Где-то в деревне запустили циркулярную пилу, какое-то время она работала вхолостую. Подмышки у него вспотели, он вытащил из кармана солнечные очки и направился к озеру. Извилистая тропинка, шириной в стопу ноги, вела по траве и через кустарник к воде, и две стрекозы, длиной с палец каждая и словно из синего хрома, летали как бы рывками вокруг него, но на некотором отдалении. Он шел мимо бесцветной полоски тростника, местами такого густого, что даже воды не было видно. Чавканье и хлюпанье под ногами по корневищам тростника, а там, где лучи солнца пробивались между острыми листьями, блестел черный ил. Разноцветные улитки, ракушки, отпечатки маленьких птичьих коготков. Где-то журчал ручеек, пахло жидким навозом, а ромашки и репейник, с его фиолетовыми цветами, доходили ему до пояса.

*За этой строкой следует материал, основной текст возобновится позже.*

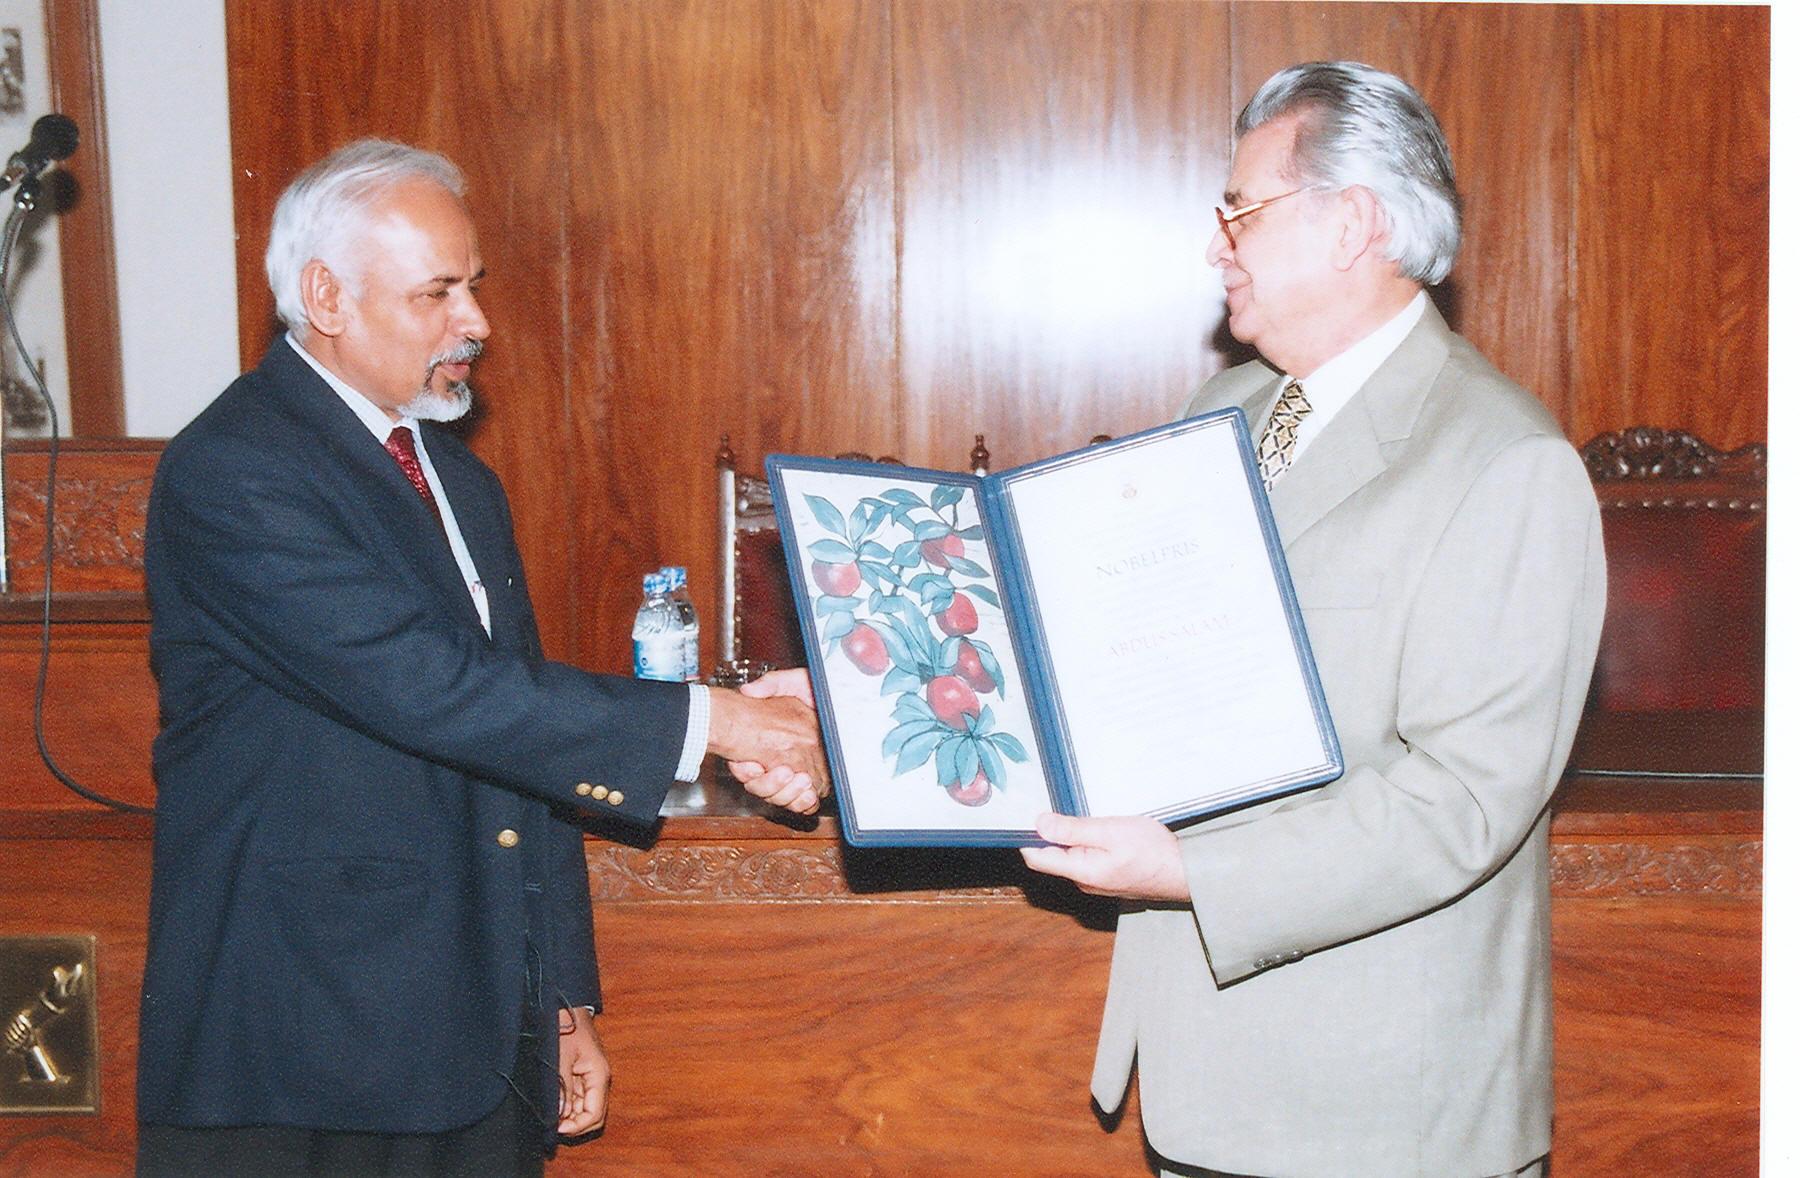 K.R. Sreenivasan and Khalid Aftab
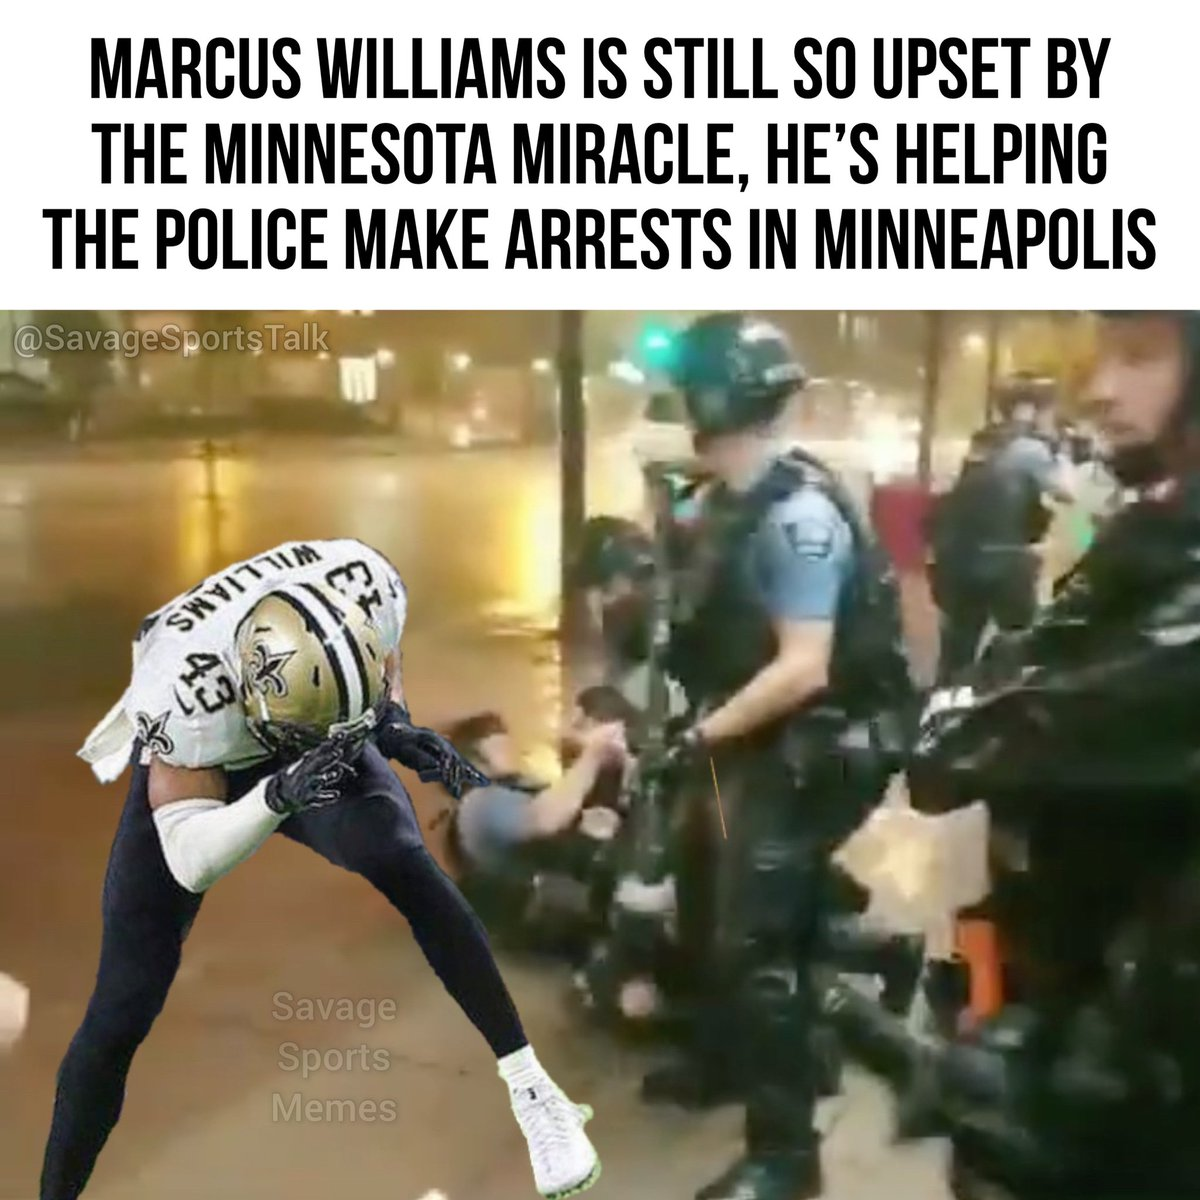 This is some next-level triggered stuff here! . .  #NFL #NFLmeme #NFLmemes #football #footballmeme #footballmemes #meme #memes #sports #sportsmeme #sportsmemes #minneapolis #minnesota #riots #vikings #minnesotavikings #skol #saints #neworleans #whodat #georgefloydpic.twitter.com/uOYpzj2TYn

От старых дворов за вершиной холма видны были только коньки крыш, печная труба или флюгер. Замшелые каменные заборы, сбегавшие от скотных дворов вниз по холму к озеру, давно уже поросли травой и разрушились. Над головой ветки ольхи, листва березы, по краям уже пожухлая от солнца, а высоко в небе два аиста, делавших большие круги в синеве и поднимавшихся все выше и выше.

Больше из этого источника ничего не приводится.